PROC IMPORT OUT= WORK.INDAT
DATAFILE= "C:\REJECT_REPORT.txt"

DBMS=TAB REPLACE;

GETNAMES=YES;

DATAROW=2;

RUN;


To import a delimited *.txt file, use the following code:

PROC IMPORT OUT= WORK.Profit_Rpt
DATAFILE= "C:\Profit_Rpt.txt"

DBMS=DLM REPLACE;

DELIMITER='00'x;

GETNAMES=YES;

DATAROW=2;

RUN;


Reading data from a *.csv file

Now we'll read in data from delimited or *.csv file. The delimiter let's the program know when the current field ends and the next field begins.
This method is advantageous over the previous method because you don't have to specify the position and format for each variable you read. Also, this method lets you read in as much data as you want. Let's assume there's another file named 'deptamt.csv' in the hsbcdata folder in your C:\ drive. Here is how you would read in that data:

data rawcsv;
infile "C:\hsbcdata\deptamt.csv" dlm=',' dsd missover pad firstobs=2 lastobs=1000;

length name $8. type $4. amount 8.2;

input name $ type $ amount;

run;

One problem you might encounter using comma (',') as a delimiter is that numbers (i.e., 23,000) or certain fields (i.e., LastName, FirstName) may have commas within their values that may corrupt your dataset. A less frequently used special character, such as tilda ('~'), as a delimiter can help you avoid this problem.
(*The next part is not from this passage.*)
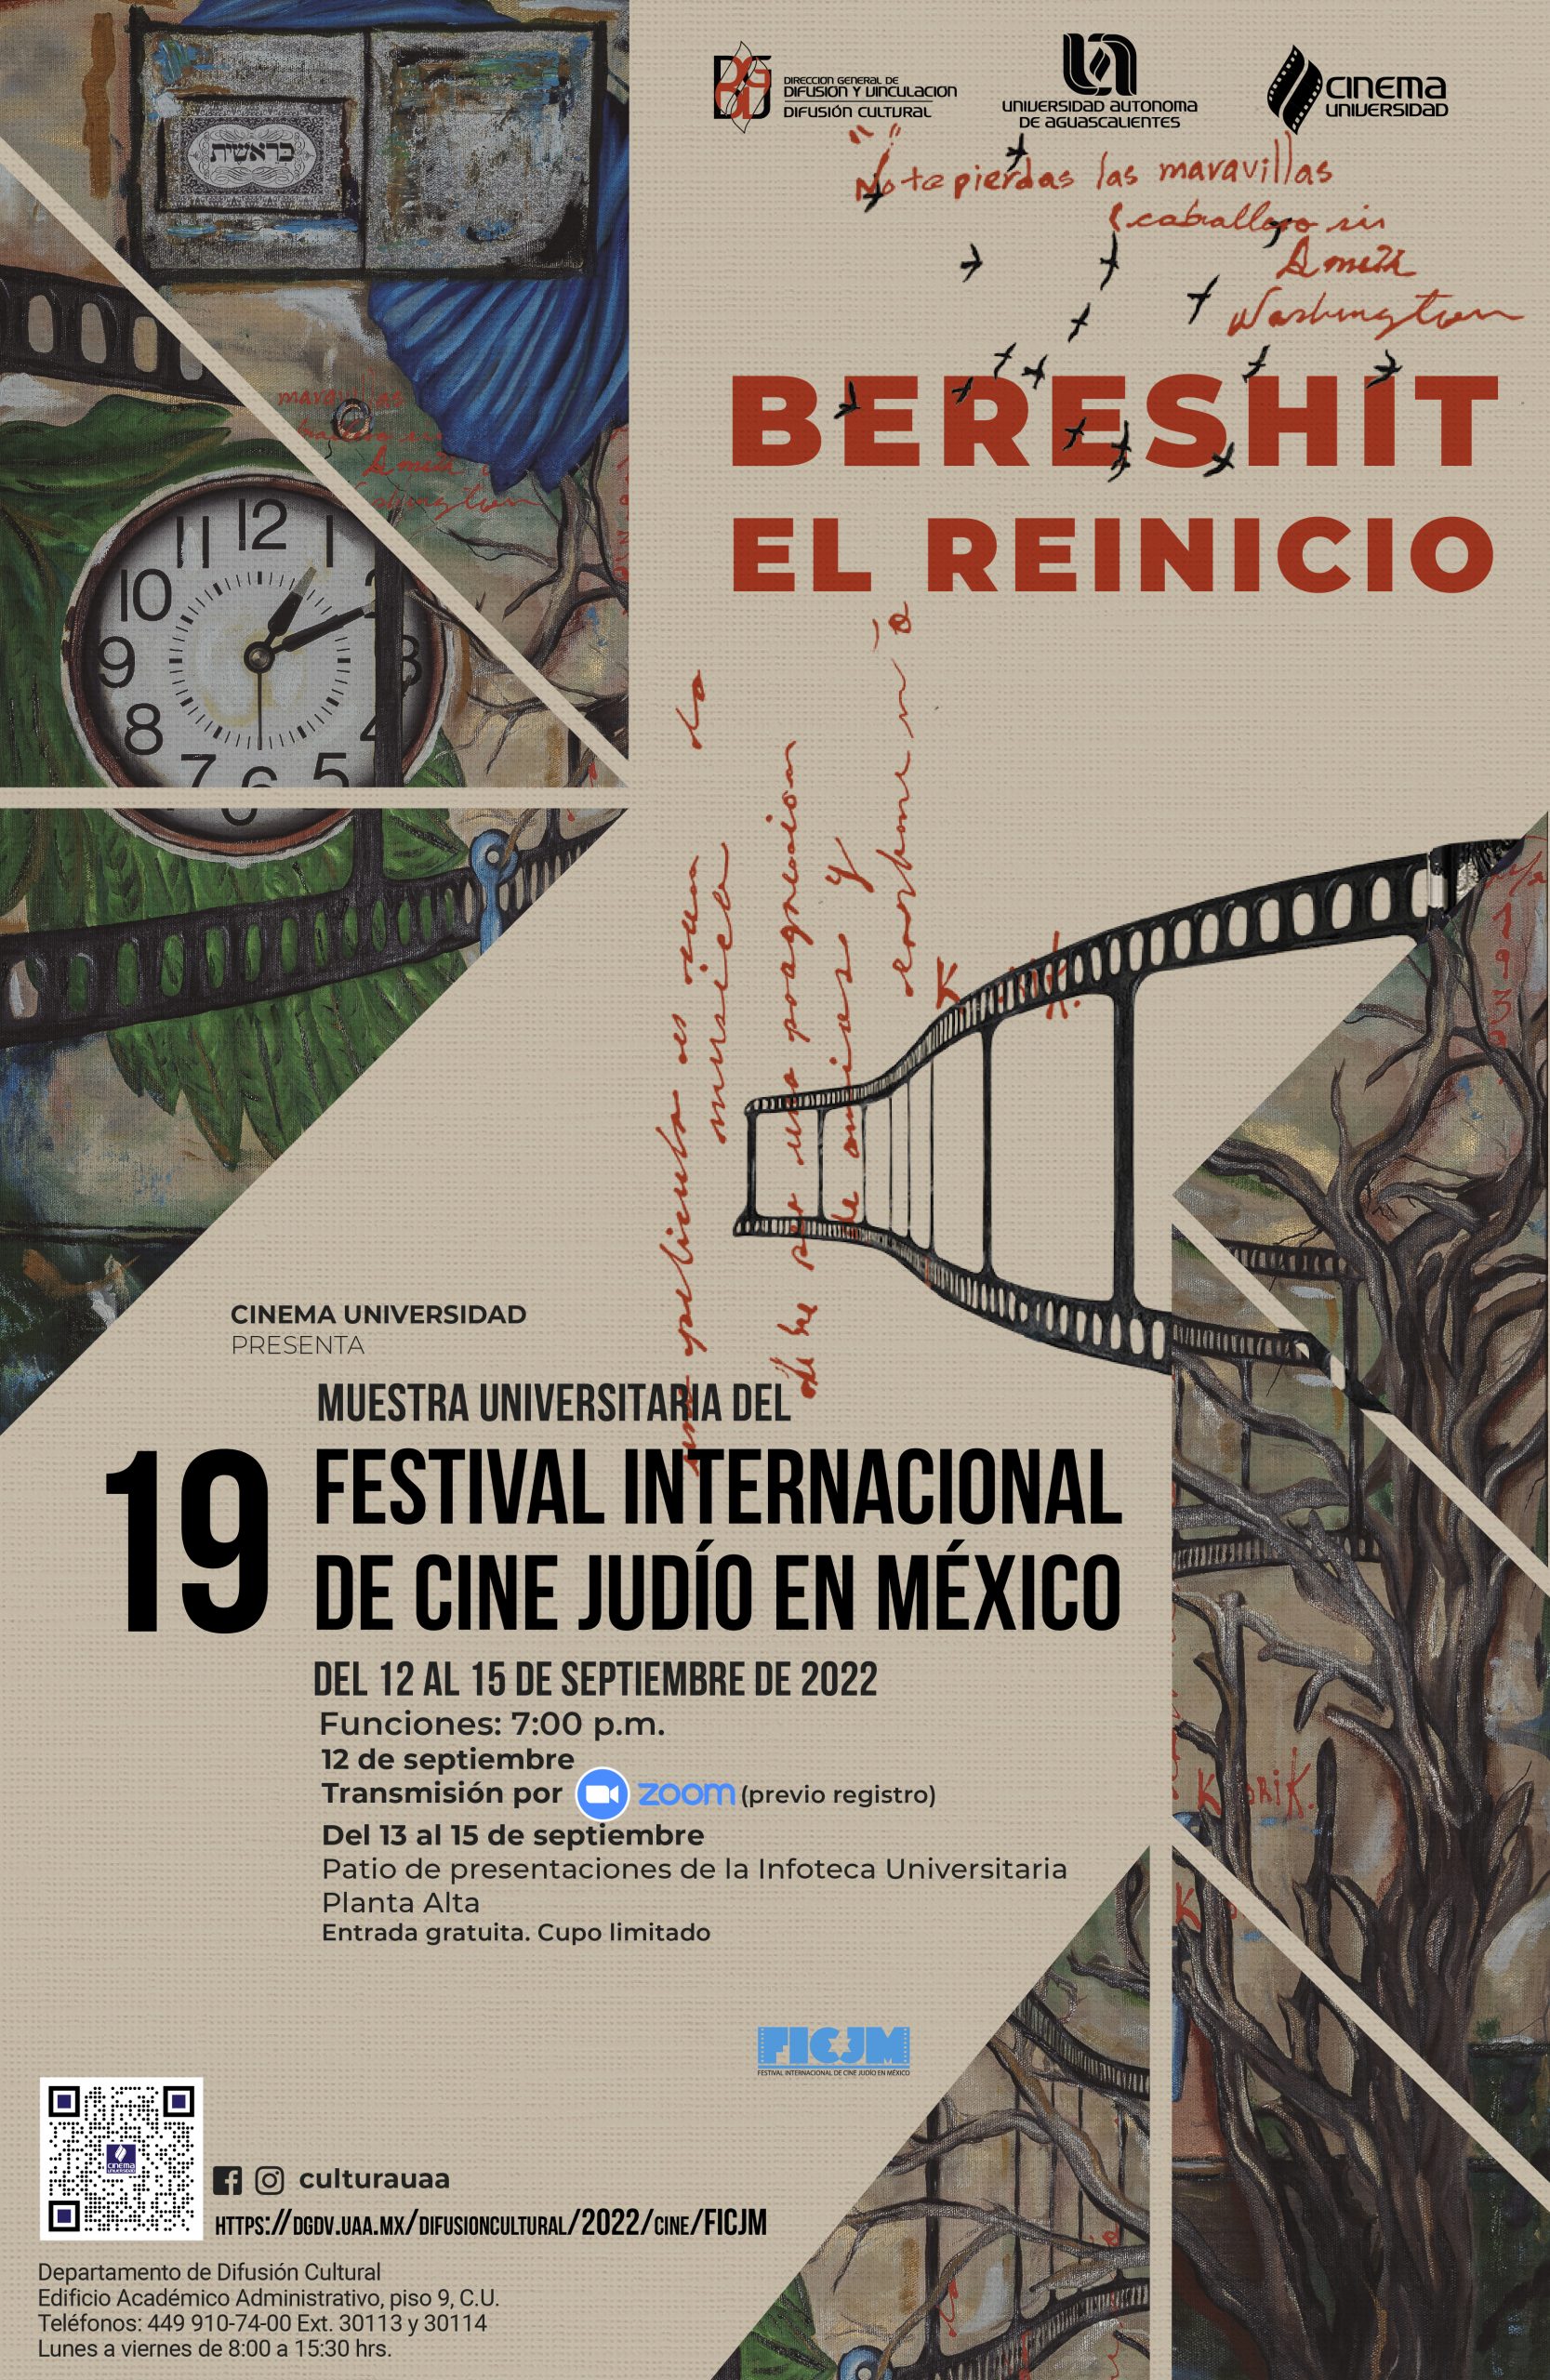 Muestra Universitaria del Festival Internacional de Cine Judío en México

To import a *.csv file, use the following code:

PROC IMPORT OUT= WORK.Employee_Records
DATAFILE= "C:\Employee_Records.csv"

DBMS=CSV REPLACE;

GETNAMES=YES;

DATAROW=2;

RUN;


Reading data from an Excel file
Now on to reading in data from a Microsoft excel file. This saves the effort of converting your Excel file into another file format and reading it in. However, Excel limits the row and columns of data you can read in. This code lets you read in the data from an Excel file named hsbcfigs.xls:

filename toSAS dde"Excel[hsbcfigs.xls]hsbcstat!r1c1:r100c100" notab;
data rawxls;

infile toSAS dlm='09'x dsd missover;

length name $8 type $4 amount 8.2;

input name$ type$ amount;
run;


To import an Excel file, use the following code:

PROC IMPORT OUT= WORK.indat
DATAFILE= "C:\valid_tests.xls"

DBMS=EXCEL2000 REPLACE;

GETNAMES=YES;

RUN;


Reading data from a DB2 Database
Utilizing the SQL pass thru code below, you can read data directly from DB2 database to your SAS program. The same pass thru code can also be used to read in data from an Oracle database.

proc sql;
connect to db2 (database=app user=appguest password=app123 dsn=core schema=appcore
);
create table testdata as

select * from connection to db2
(select
m.name, m.type, m.amount
from appcore.sales m
where m.salesdate='10JUN2007' and m.amount<=100.00);
disconnect from db2;

quit;


Often, the data for your analytical model would come to you from different sources in various forms. You can use SAS to read in the data based on how the data is made available to you.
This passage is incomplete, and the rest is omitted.